You can restrict who can approve requests and route approval messages to different Telegram chats per credential.

curl -X PUT https://proxy.toolsec.org/admin/policies/production-db \
  -H "Authorization: Bearer $SESSION_TOKEN" \
  -H "Content-Type: application/json" \
  -d '{
    "require_approval_methods": ["GET", "POST", "PUT", "DELETE"],
    "allowed_approvers": ["123456789", "987654321"],
    "telegram_chat_id": "-100999888777"
  }'

allowed_approvers

A list of Telegram user IDs. When set:

  • Only listed users can tap Approve/Deny
  • Other users who tap the buttons get an “unauthorized” alert
  • Empty list (default) = anyone in the chat can approve

Per-credential chat_id

Overrides the global TELEGRAM_CHAT_ID for this credential’s approval messages.
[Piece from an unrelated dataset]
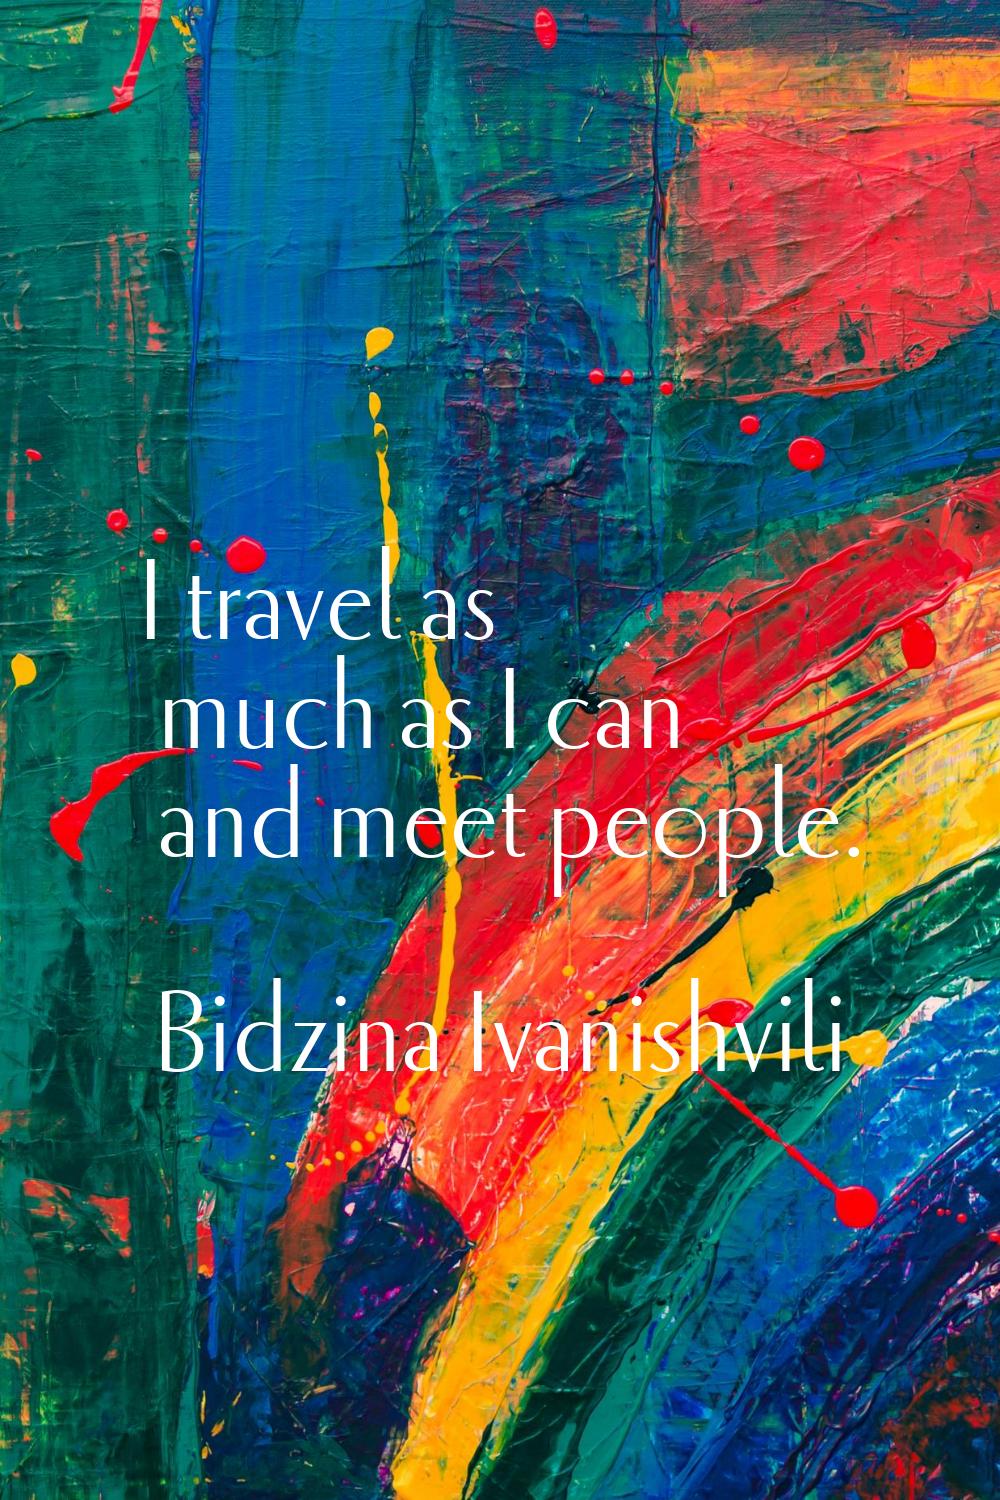 I travel as much as I can and meet people.

Useful for routing sensitive credentials to a restricted channel.

You can also configure notification channels per team via the admin API:

curl -X POST https://proxy.toolsec.org/admin/notification-channels \
  -H "Authorization: Bearer $SESSION_TOKEN" \
  -H "Content-Type: application/json" \
  -d '{"channel_type": "telegram", "name": "ops-alerts", "config": {"chat_id": "-100123456789"}}'

Rate Limiting

Per-agent rate limiting is configured when creating an agent:

# Via admin API
curl -X POST https://proxy.toolsec.org/admin/agents \
  -H "Authorization: Bearer $SESSION_TOKEN" \
  -H "Content-Type: application/json" \
  -d '{"id": "my-agent", "rate_limit_per_hour": 100}'
 
# Via CLI (self-hosted)
tap agent create --name my-agent --rate-limit 100 \
  --db agentsec.db --encryption-key $AGENTSEC_ENCRYPTION_KEY

When the limit is exceeded, the proxy returns 429 Too Many Requests. Rate limits reset on a rolling 1-hour window. Omit the rate limit for unlimited requests.